**Assignment**: Starting at the line that contains "Longman English Playbooks", write out each line exactly through the last one in the material below, and nothing more; omit all pictures.

**Dataset extract**:
◆ ◆ ◆ ◆ ◆

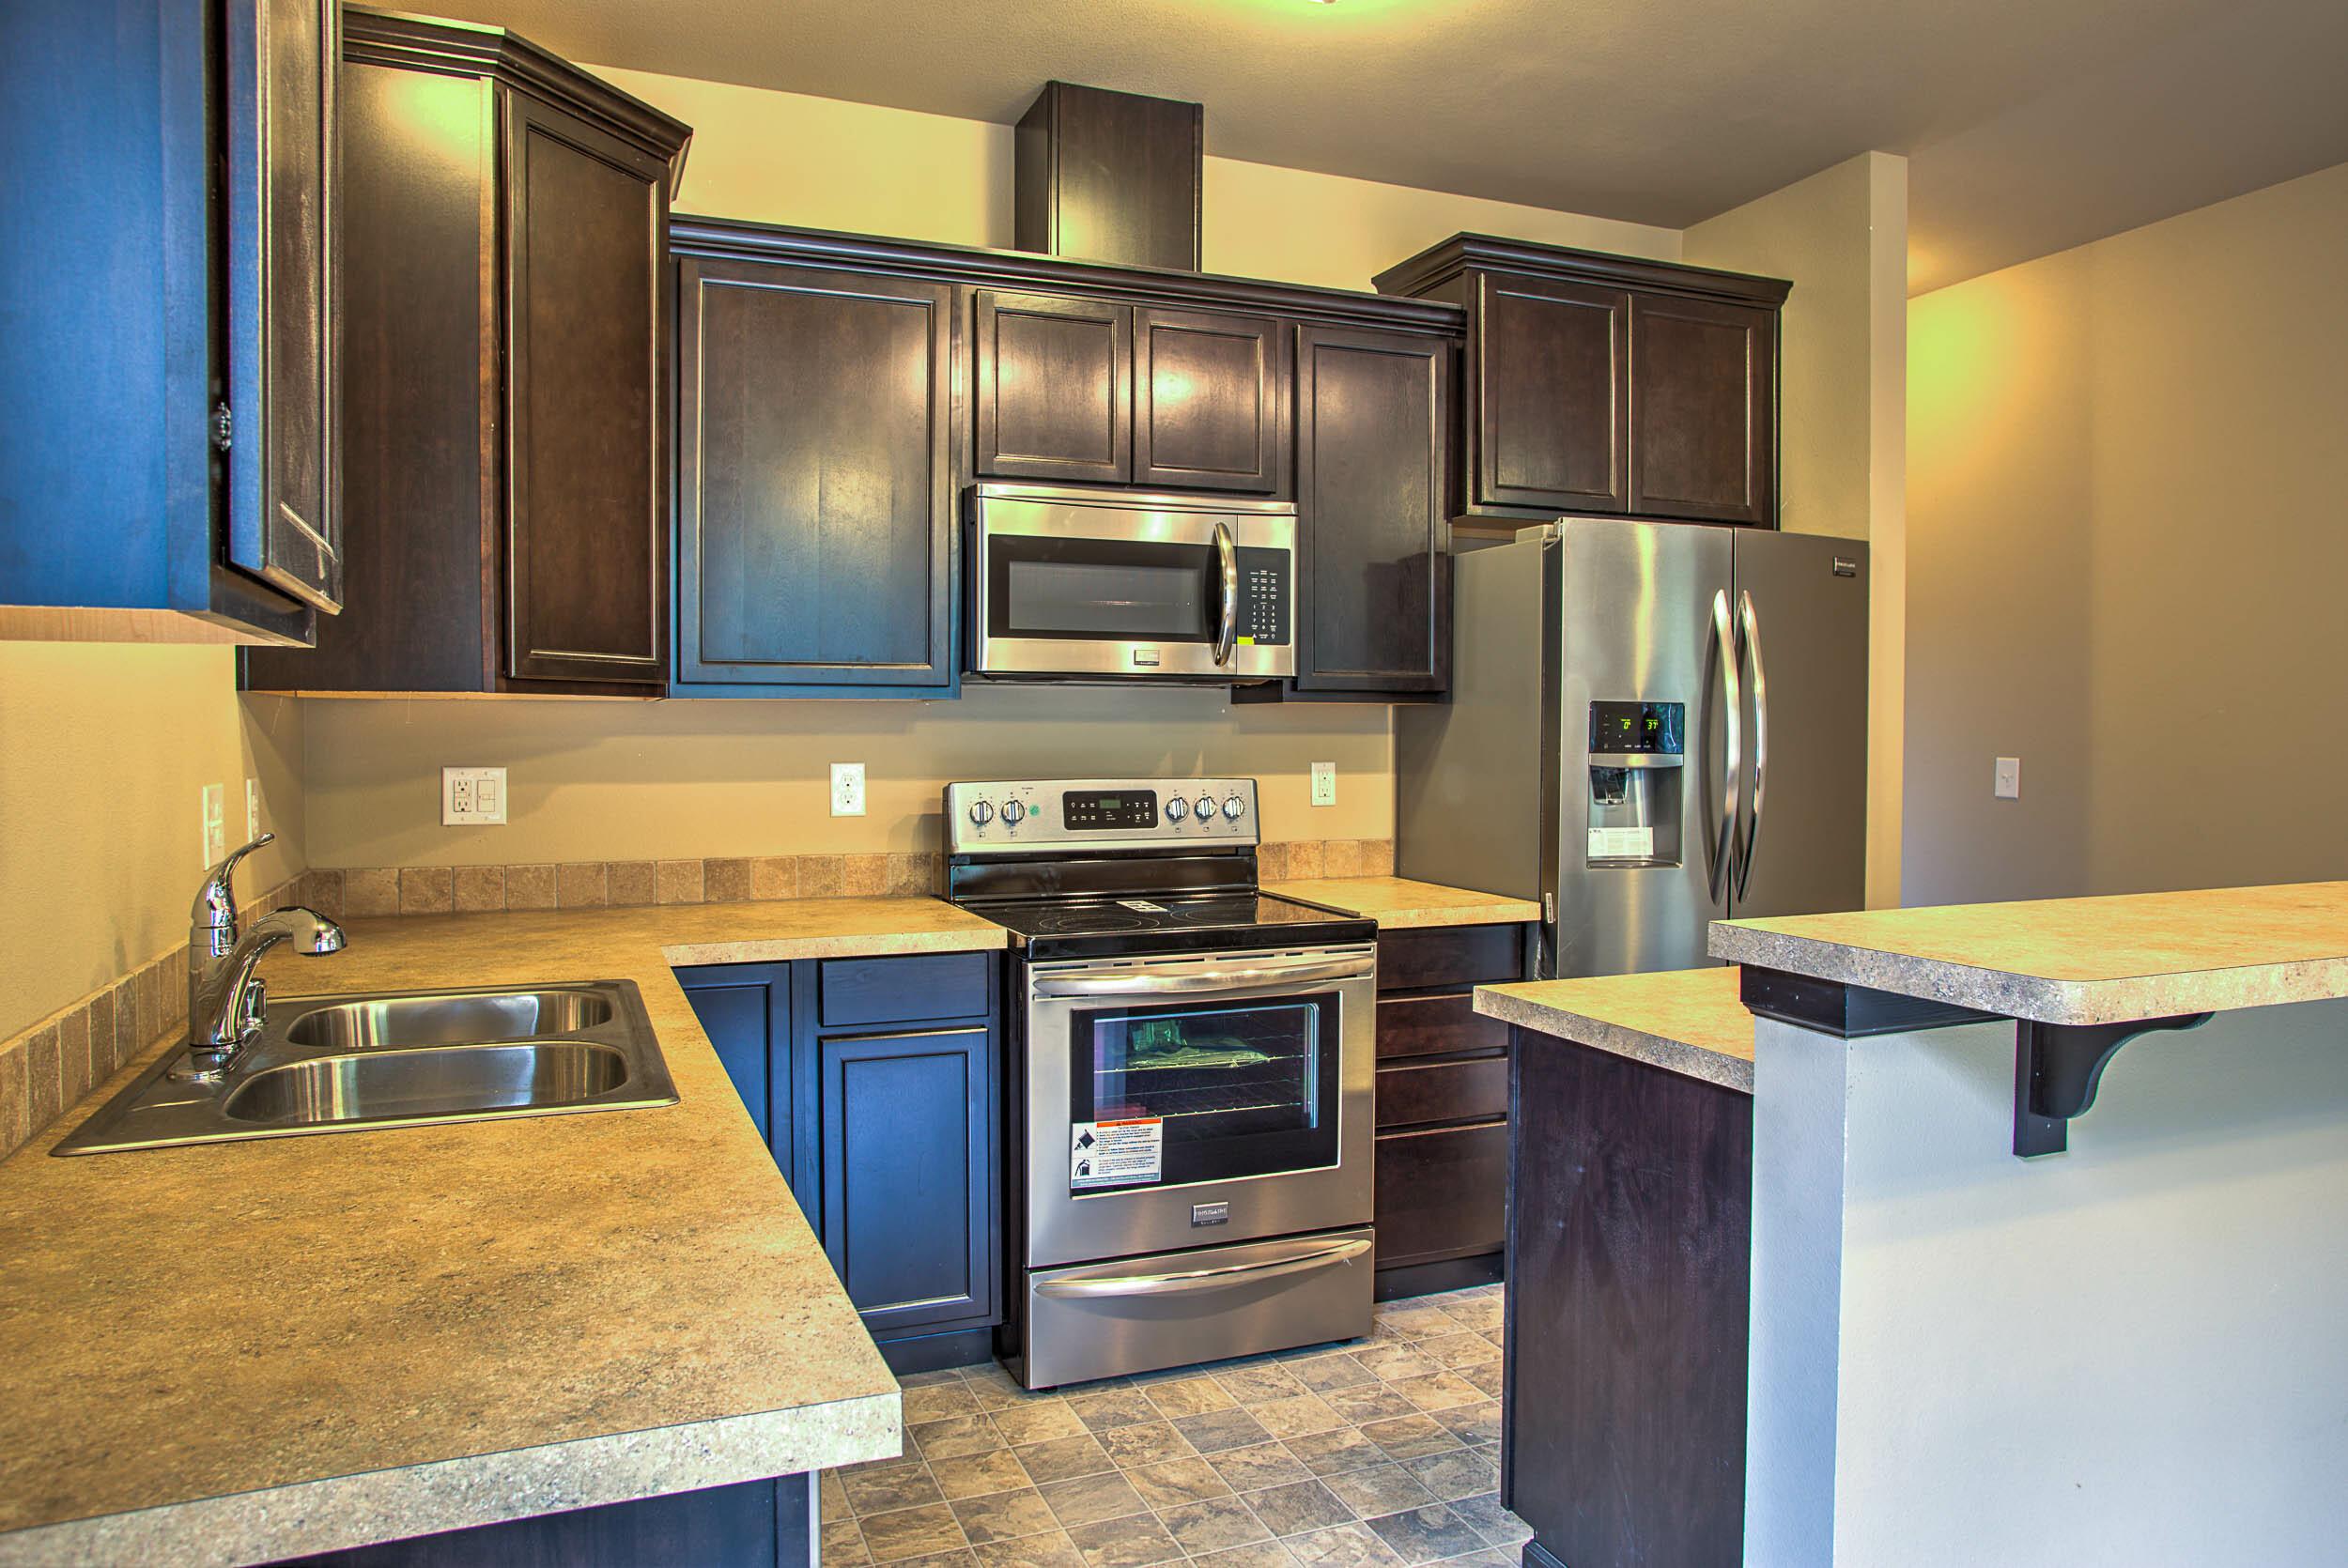 9 Foreman Rd, Mccleary, WA - USA (photo 1)
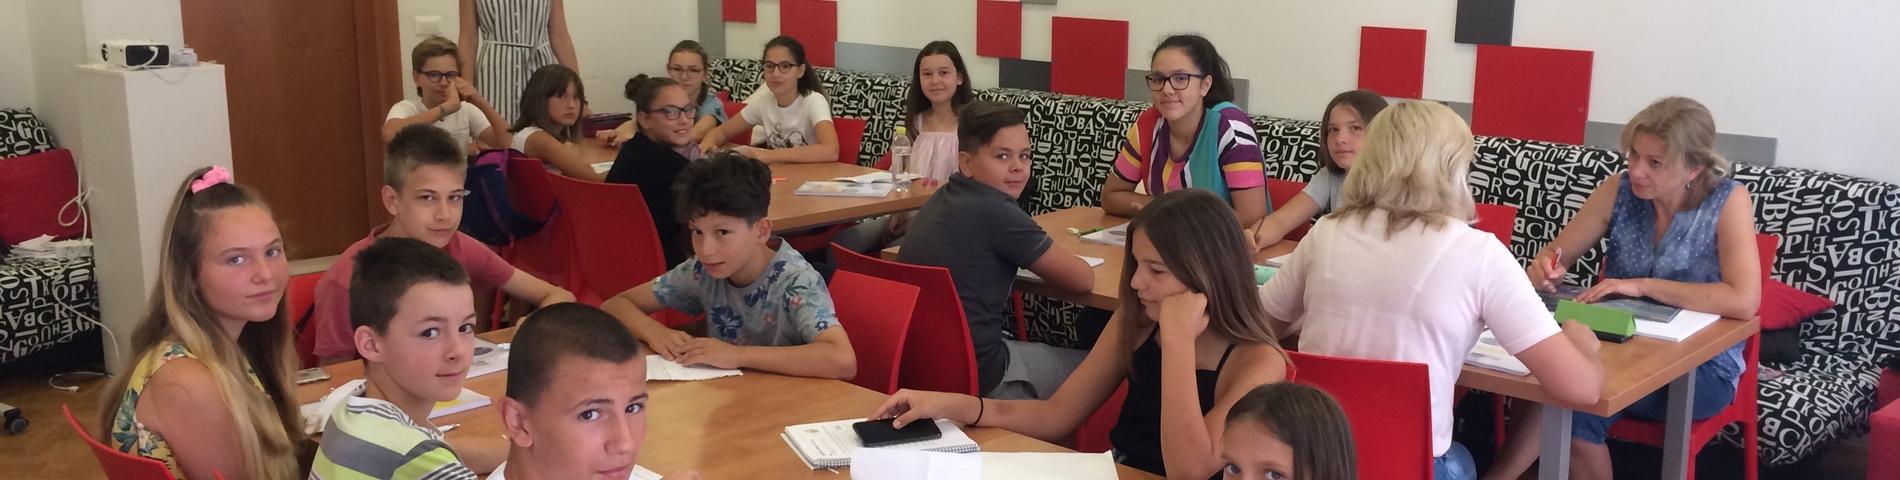 Dubrovnik Language School snímek 1
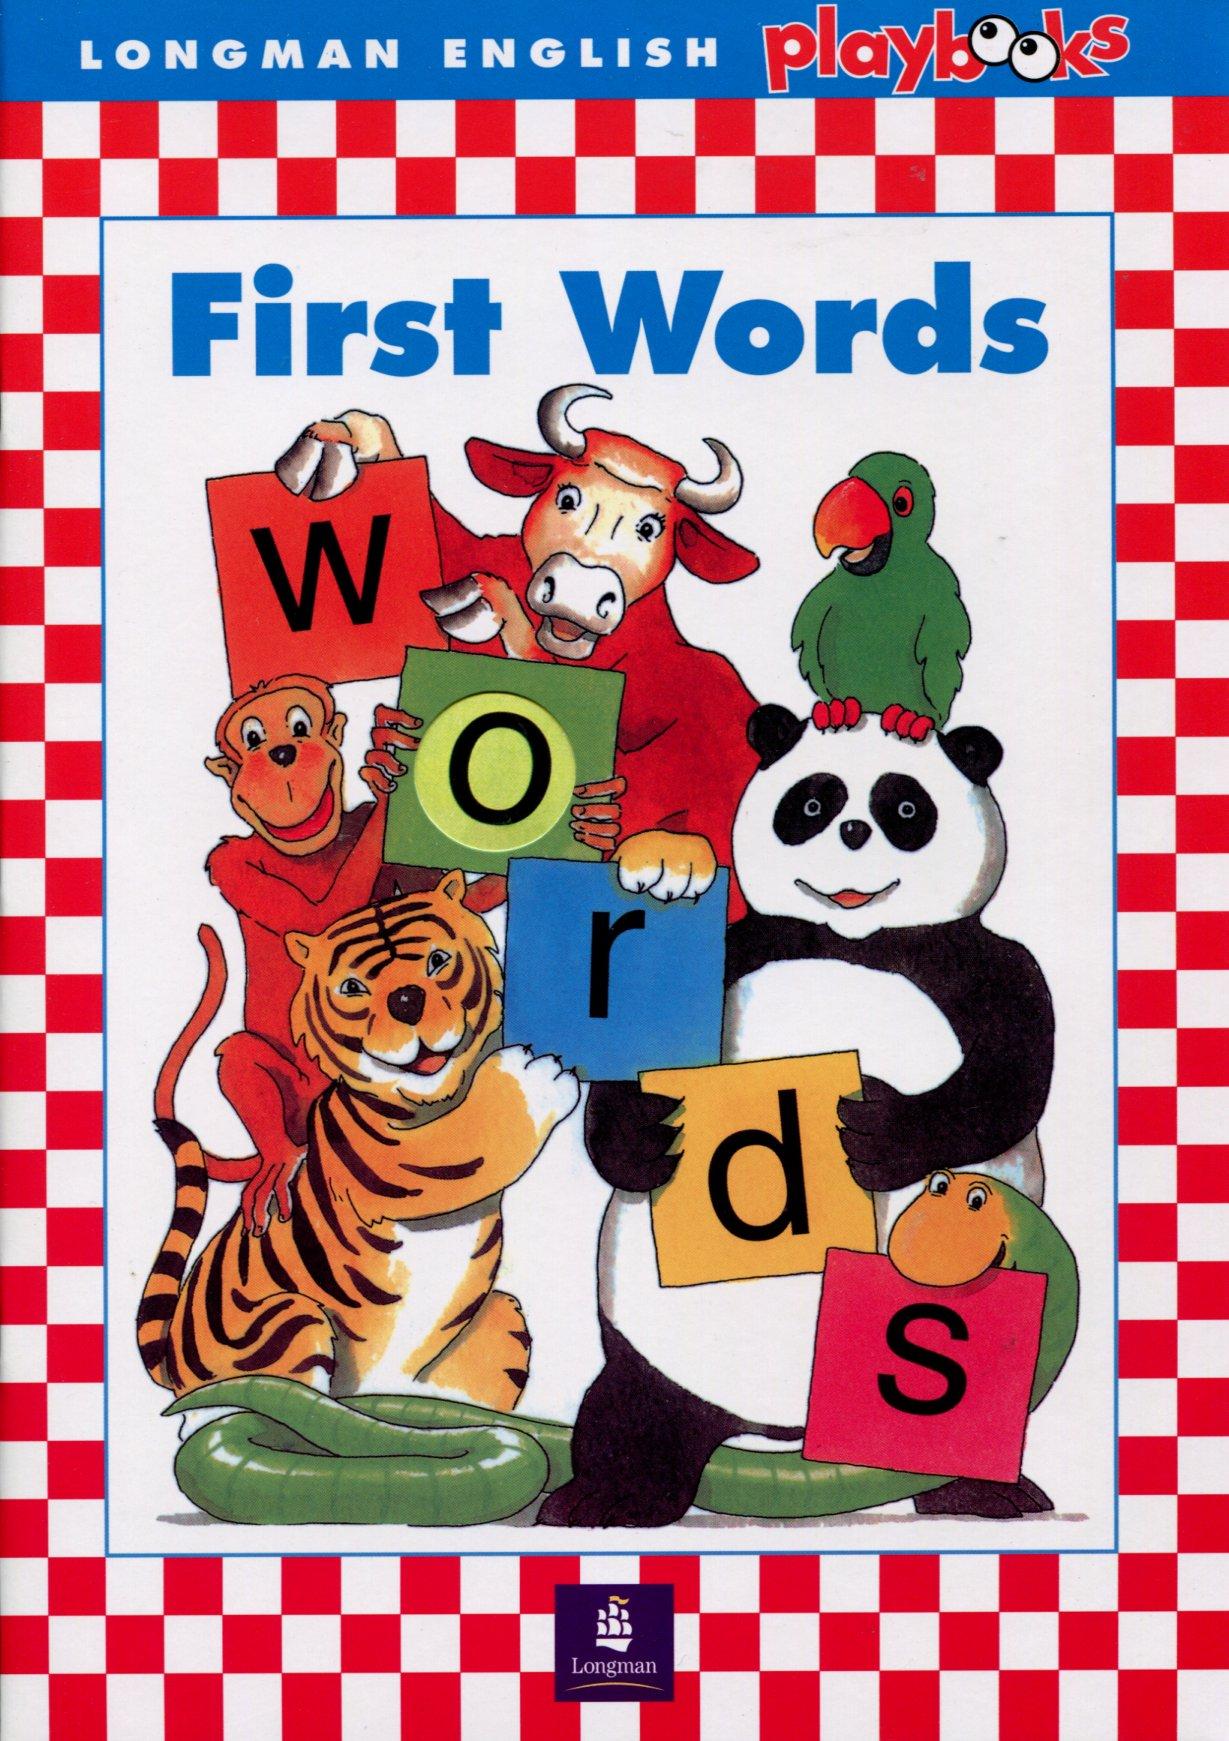 Longman English Playbooks
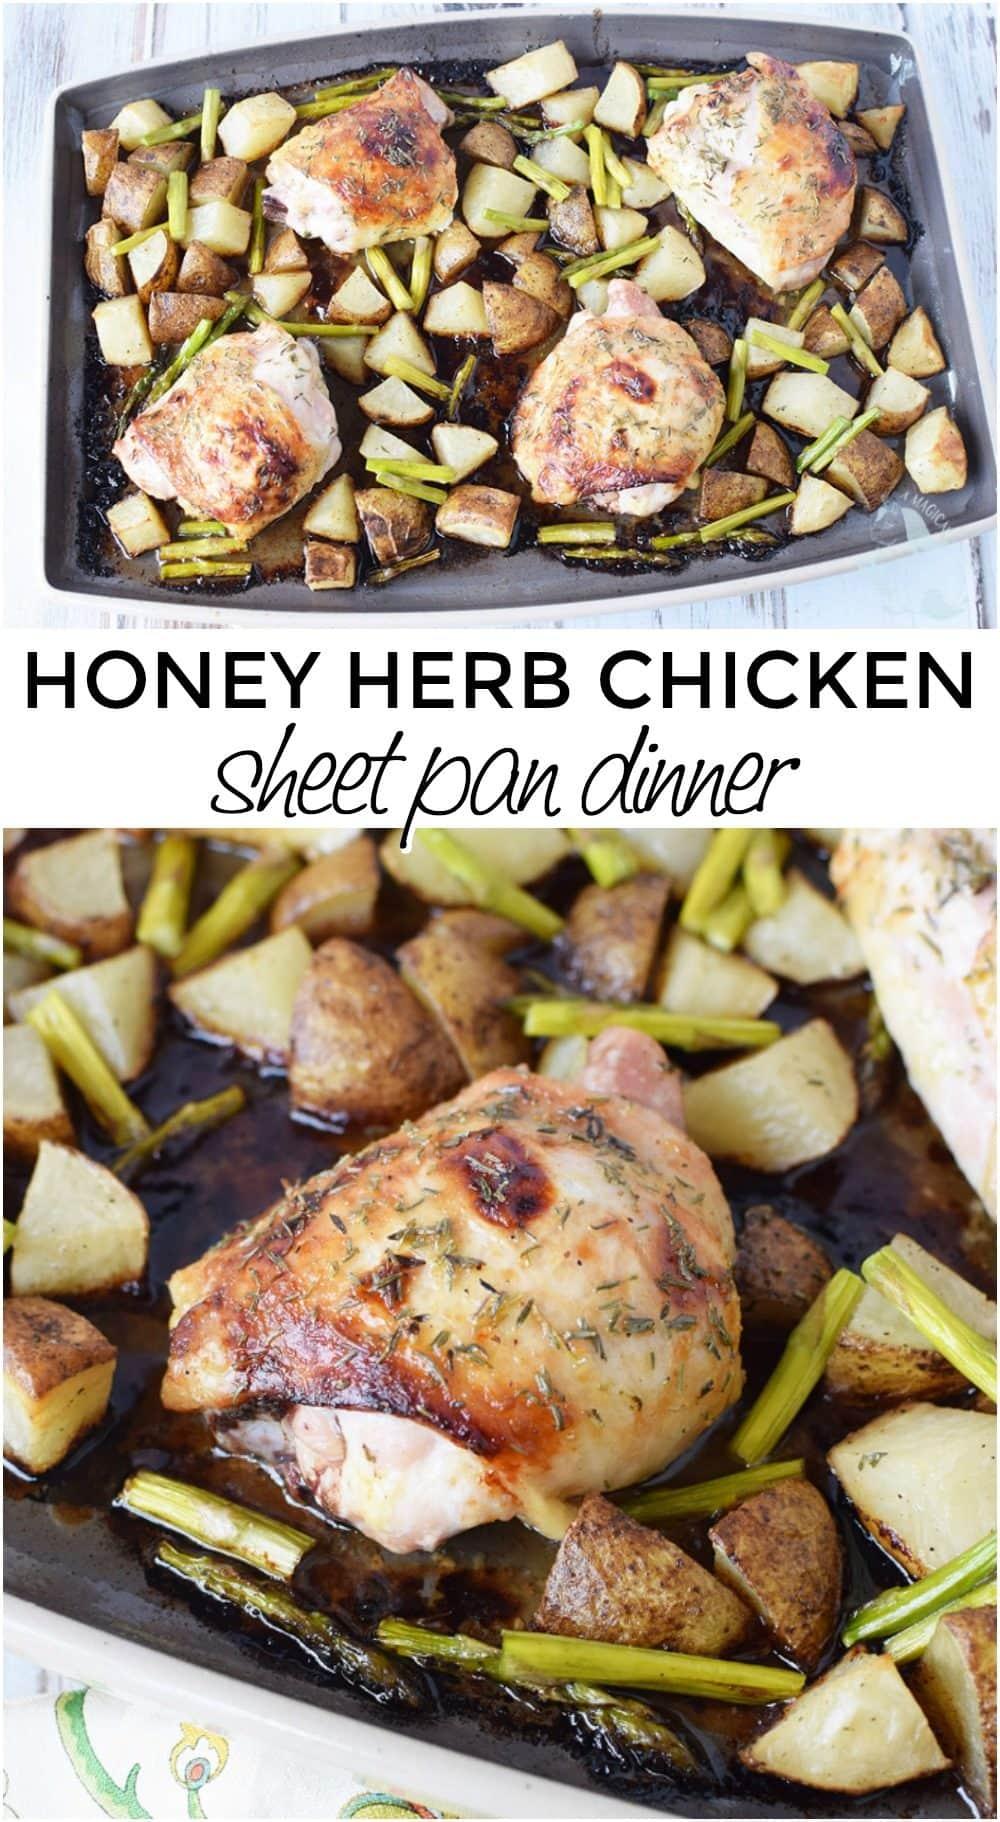 Honey Herb Baked Chicken Thighs Sheet Pan Dinner

◆ ◆ ◆ ◆ ◆

**Reply**:
 Longman English Playbooks
 Honey Herb Baked Chicken Thighs Sheet Pan Dinner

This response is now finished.